By changing the way the cryptocurrency Ethereum, it is possible that electricity consumption could be reduced nationwide. The amount of electricity saved is similar to Ireland and Austria, suggests a paper published in the data science journal Patterns.
Bitcoin, the largest cryptocurrency, is believed to consume more electricity than Finland. It has even been suggested that Bitcoin emissions could exceed the global savings currently achieved from driving EVs, the article states.
Like all cryptocurrencies, Ethereum relies on the blockchain. A blockchain is a huge, constantly updated database that records all transactions. Previously, this was maintained and verified by a system called Proof of Work. This system is used by many cryptocurrencies, including Bitcoin. New cryptocurrency coins were awarded to companies and volunteers whose computers helped run the network.
The more work you complete, the higher your chances of creating new coins. This has led companies to set up huge warehouses with computers that run 24/7, often powered by fossil fuels, the article suggests. however, at an event called The merge on September 15th, Ethereum switched to a system called Proof of Stake. With this system, the possibility of creating new coins is no longer dependent on the amount of computational work done.
The technical complexity of the switch can be compared to rebuilding the foundation of a skyscraper while standing. However, a peer-reviewed Perspective suggests that it reduced Ethereum’s power consumption by at least 99.84%. The Ethereum blockchain also supports other coins and crypto products such as non-fungible tokens (NFTs) worth hundreds of millions of dollars.
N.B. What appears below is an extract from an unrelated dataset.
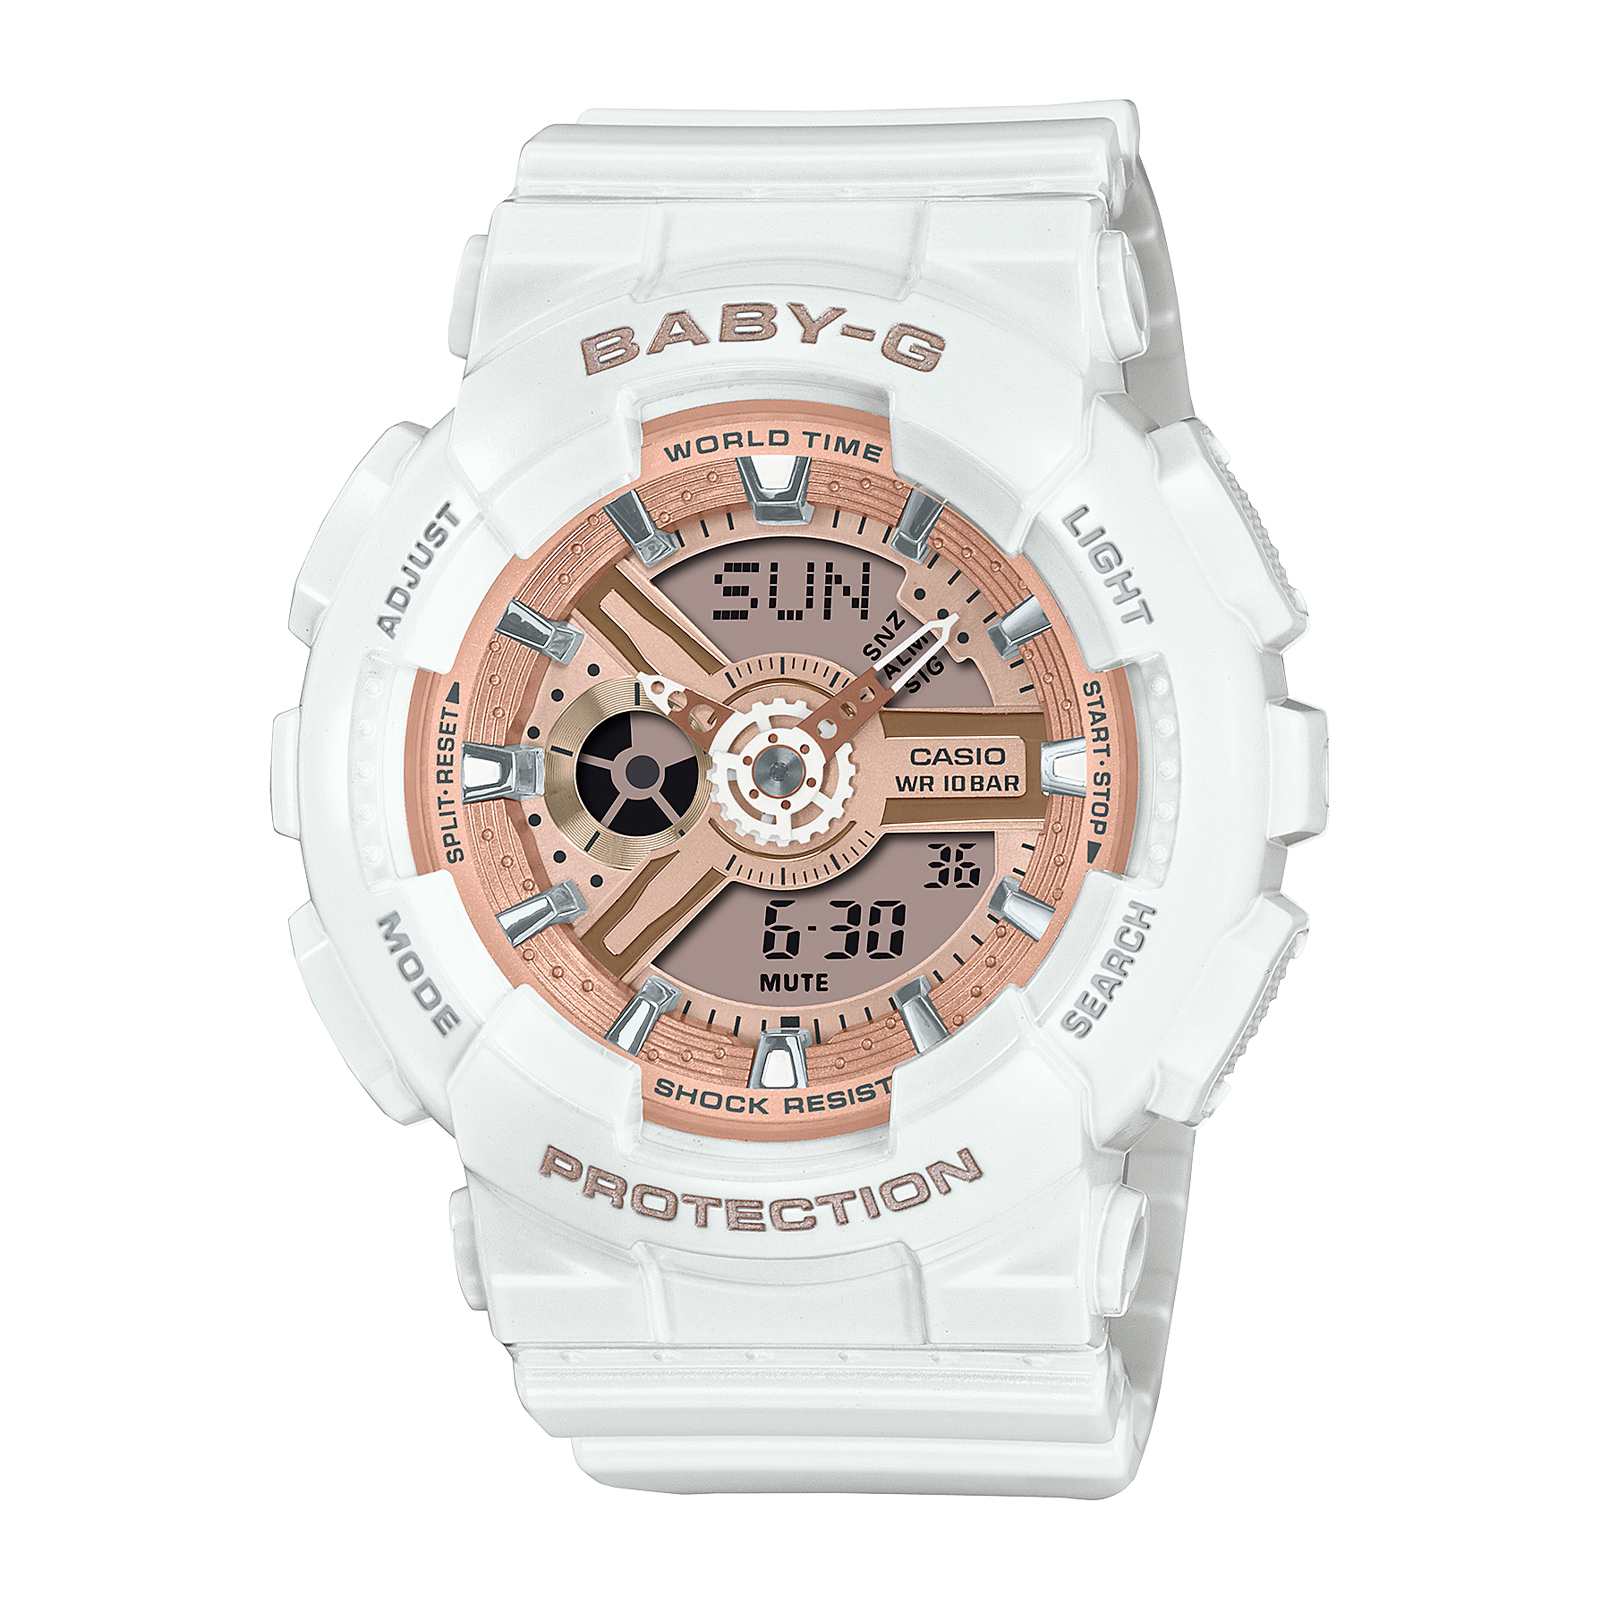 Reloj BABY-G BA-110X-7A1 Resina Mujer Blanco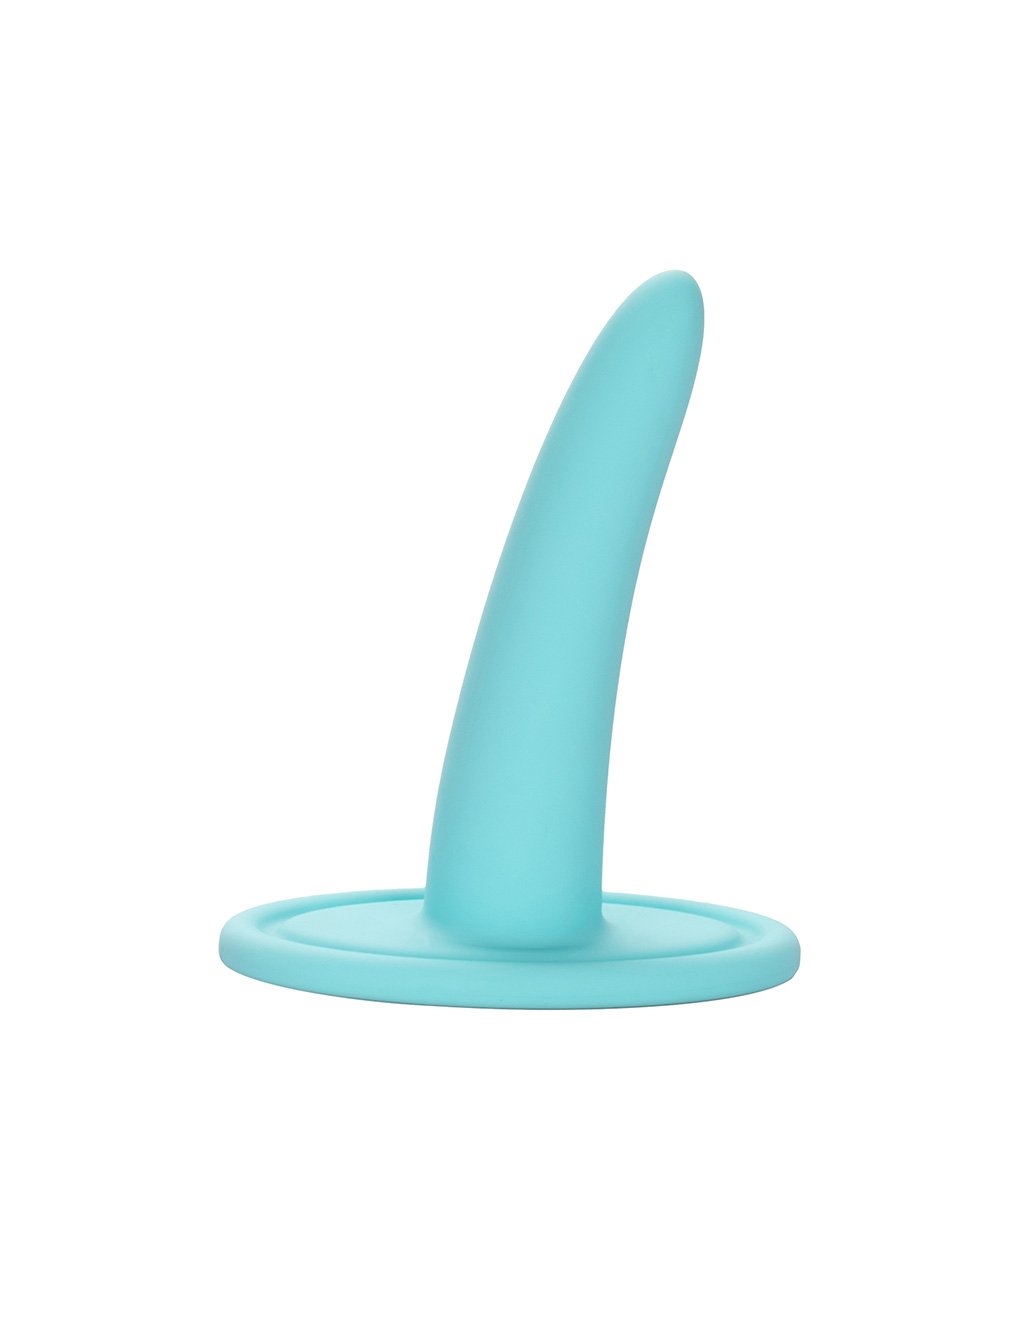 She-Ology 5 Piece Vaginal Dilator Set- Medium blue

But Alex de Vries, author of the paper and a data science and economics researcher at the VU University Amsterdam in the Netherlands, warns that computers may have simply switched to creating other cryptocurrencies.
In September 2022, the White House Office of Science and Technology Policy said legal restrictions on energy-intensive cryptocurrency mining should be considered.
Mr. De Vries said: “The Bitcoin community has been very anti-change but the Ethereum community has shown that despite concerns and resistance, it is possible to make the necessary changes on a live blockchain, which means that the Bitcoin community may need a little bit of a nudge from the outside to actually make things happen.”
Gavin Brown, associate professor at the University of Liverpool, told BBC News: To achieve this, the new regulatory outlook is an important instrument. However, it has been profitable for Bitcoin and Ethereum enthusiasts to clean up their acts in order to attract money from institutional investors such as banks and pension funds. “A lot of this money may want to invest in crypto right now, but won’t be able to do so until crypto is more sustainable,” he said.
De Vries also argued that “blockchain-based systems remain relatively inefficient compared to centralized alternatives,” and that the Ethereum community has raised concerns over environmental concerns regarding crypto assets. He warned that it was too early to declare “complete victory”.